When I was little, I lived along the 1/9 line, or, as my grandmother called it, the IRT. My grandmother also insisted that there was nothing in the world that you couldn't get between the borders of Morningside Heights, specifically between 116th and 110th Streets and Riverside Drive and Amsterdam Avenue, because my grandmother was a sort of perfectly provincial New Yorker in a way that doesn't really exist anymore. Anyway. I was fiercely loyal to the 1/9 for a couple of reasons. One, it was really my only subway option and a lack of choice breeds both loyalty and even love, I've found. This extends to relationships as well, obviously. And, two, I was born with the unfortunate burden of having both a first AND last name that start with letters which are not represented by subway lines. There was no K train, no I line for me to enjoy riding on. To put it mildly, this fucking sucked. I'm still not quite over it, as you can see.
But, yeah, I sure did love that 1/9. Enough to write a song about it like people have done for the oft-maligned G train? Well, no. Not at all. The New York Post, in an article titled "O-M-G", spotlights some people's love for that four-car, limited to Brooklyn and Queens, unreliable on weekends, red-headed stepchild of the MTA—the G train. It turns out that a lot of people actually love the G. Whether it's because of "Brooklyn elitism—it’s the only train that doesn’t enter Manhattan" or because of what the Post not entirely unfairly terms G train-related "Stockholm Syndrome," riders just can't help professing their love for "the turtle of the train system." And not only do they profess it in song, like the band Teen Commandments, they also profess it through art. But what kind of art and where can you find it? Well, some of it is really great! And some of it is really weird. And some of it is both. And all of it, of course, is on Etsy.
How to Love a New Yorker "G Train" Watercolor Card
The genius of this card does not need to be explained, not if you've ever been in a relationship with someone that requires taking the G. Love conquers all, even waiting thirty minutes for the subway.
Melted Crayon Art with NYC Subway Map
So, this is art. The colors certainly are vibrant. But, call me a cartography purist or whatever, I hate seeing this happen to a subway map. I like subway maps. I know they're wildly disproportionate in scale, but they're still fun to look at. The melted wax obscures all the goodness of the map. In the words of L Magazine Culture Editor Henry Stewart: "I don't get it."

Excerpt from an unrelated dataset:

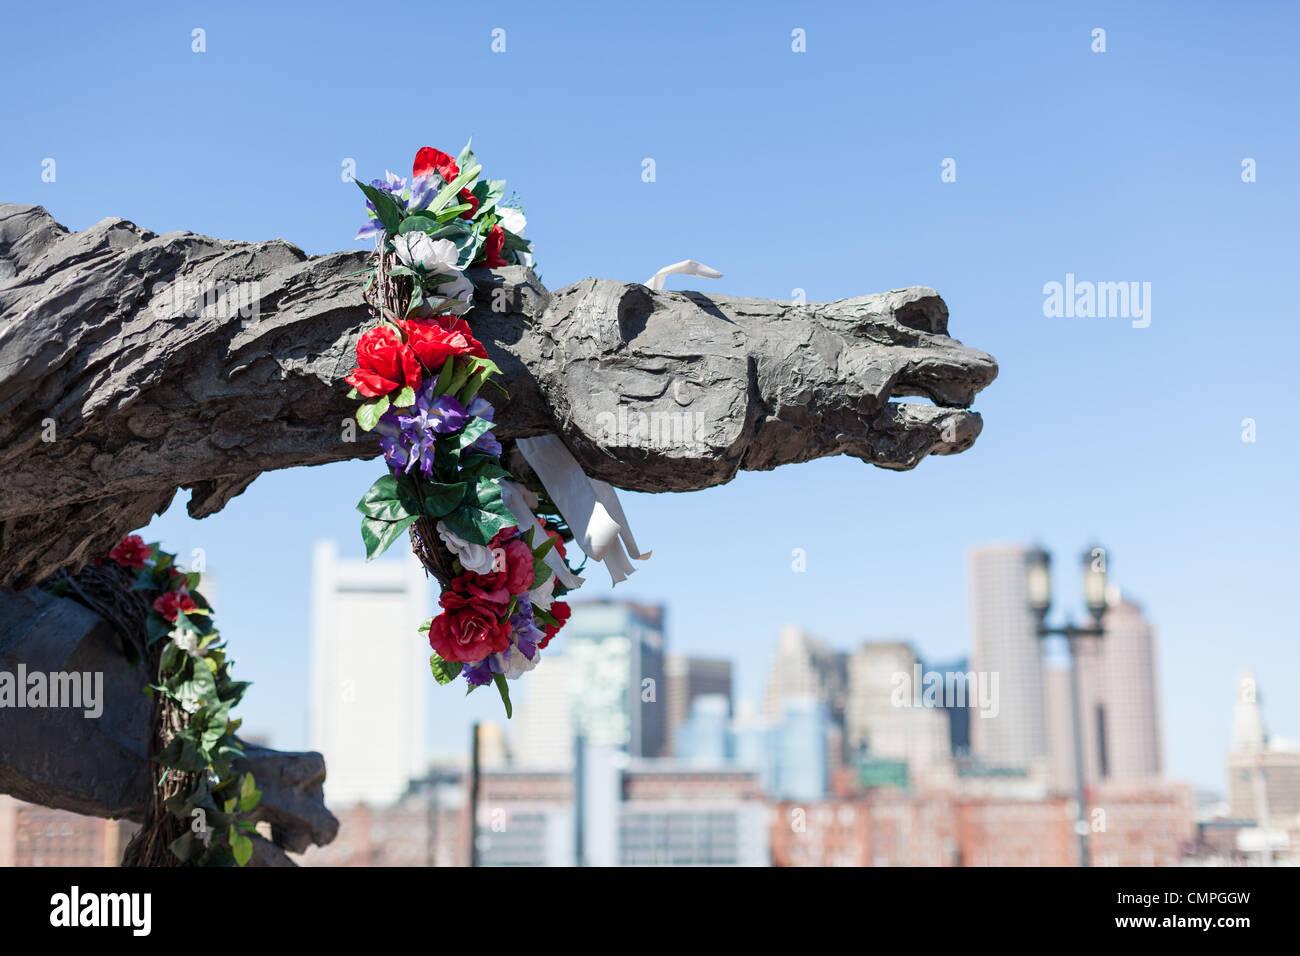 Andrew Pitynski Partisans Statue at World Trade Station in Boston Massachussetts - Stock Image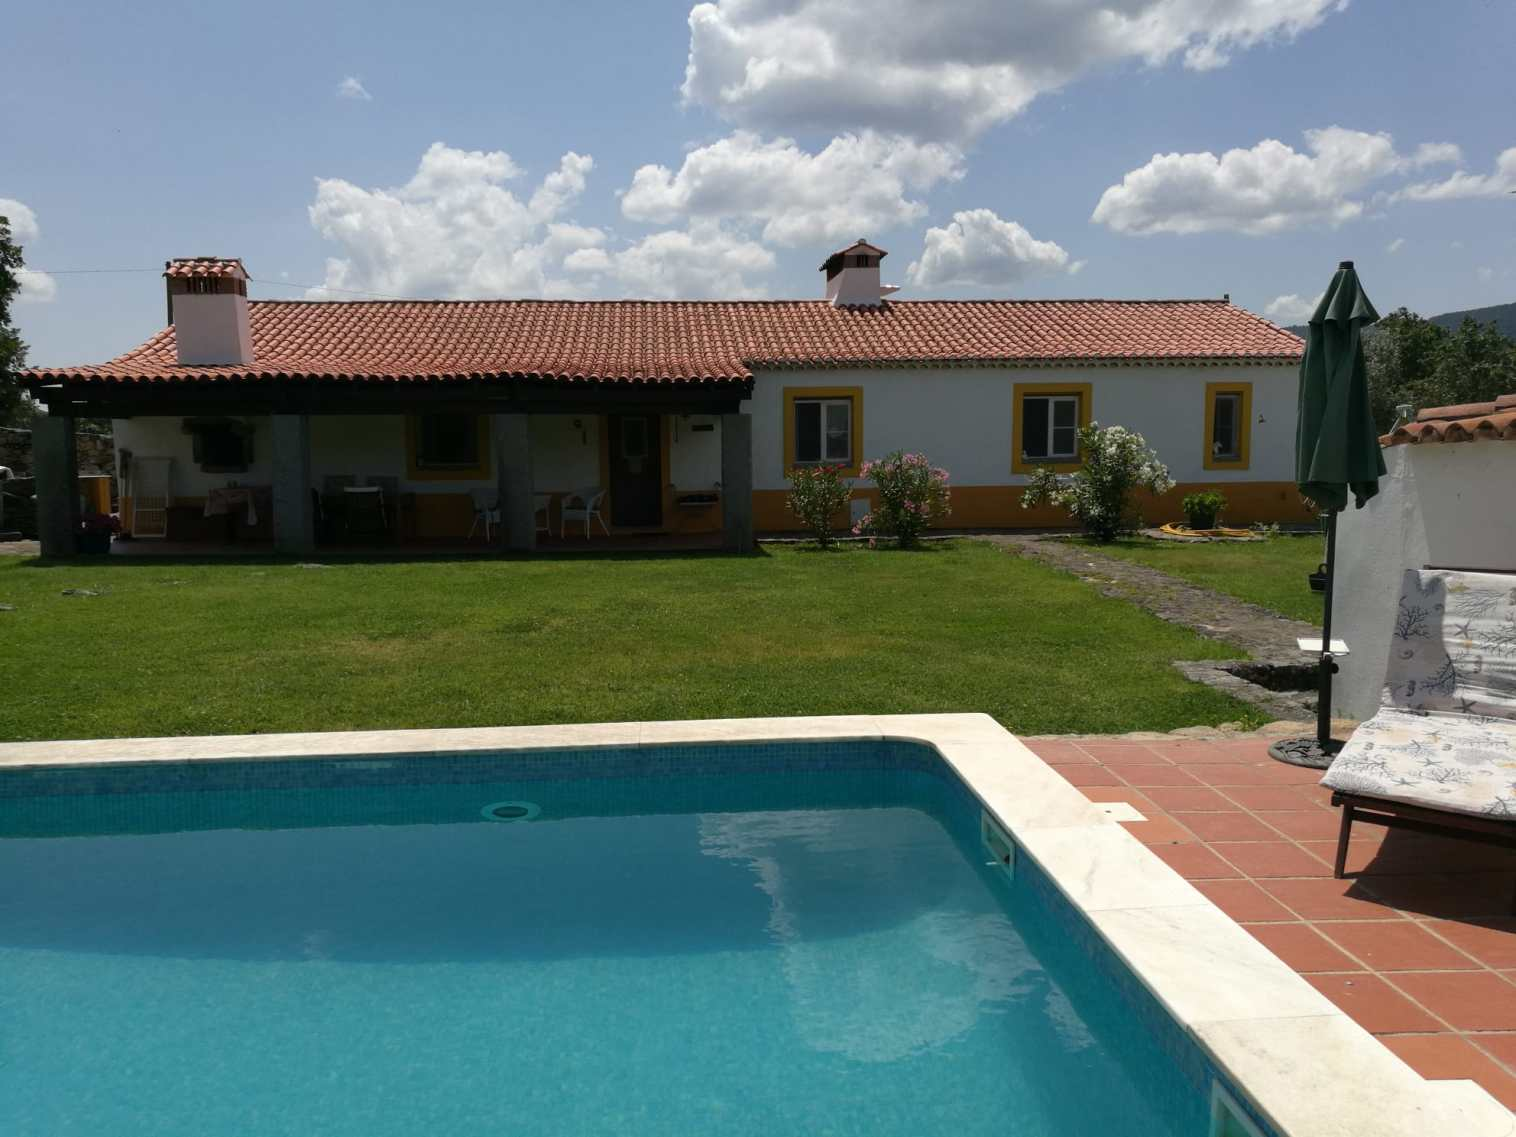 Casa das Amoras House & Swimming Pool

This photograph displays hands holding a pole on a C train. So, ok. That should be rather innocuous but instead feels incredibly weird. Yeah, this photo makes me uncomfortable. Perhaps it is because it represents all the anxiety involved with being on a crowded subway and not wanting to touch anybody else but constantly being on the verge of touching everybody else because there's no room and you can't move and you can't even really breathe and everything is terrible. Or perhaps it makes me uncomfortable because all those hands gripping a pole just make me think of a multi-person handjob? Who's to say really? It'll remain a mystery, I guess.
"Manhattan and Starbucks"
New Yorkers like their coffee, you know? That's a thing New Yorkers like. And Starbucks sells coffee. So it's just so natural and artistic to put a disposable Starbucks cup on top of a subway map and call it art. I mean, can't you just imagine someone who has never even been to New York seeing this and falling in love with the glamor of it all? This just screams sophistication, I think. All that's missing is a blueberry bagel to give it that real New York feel.
NYC Subway Map Pixel Art Print Nintendo 90s Vintage Original
Everything from the 90s is just THE BEST, right? Wrong. Totally wrong. Because sometimes things from the 90s give you seizures. Like this piece of art. Don't stare at it too long, unless you want to develop an eye twitch. Unless maybe that's your thing? Winking? Don't make that your thing though. It is really hard to pull off well.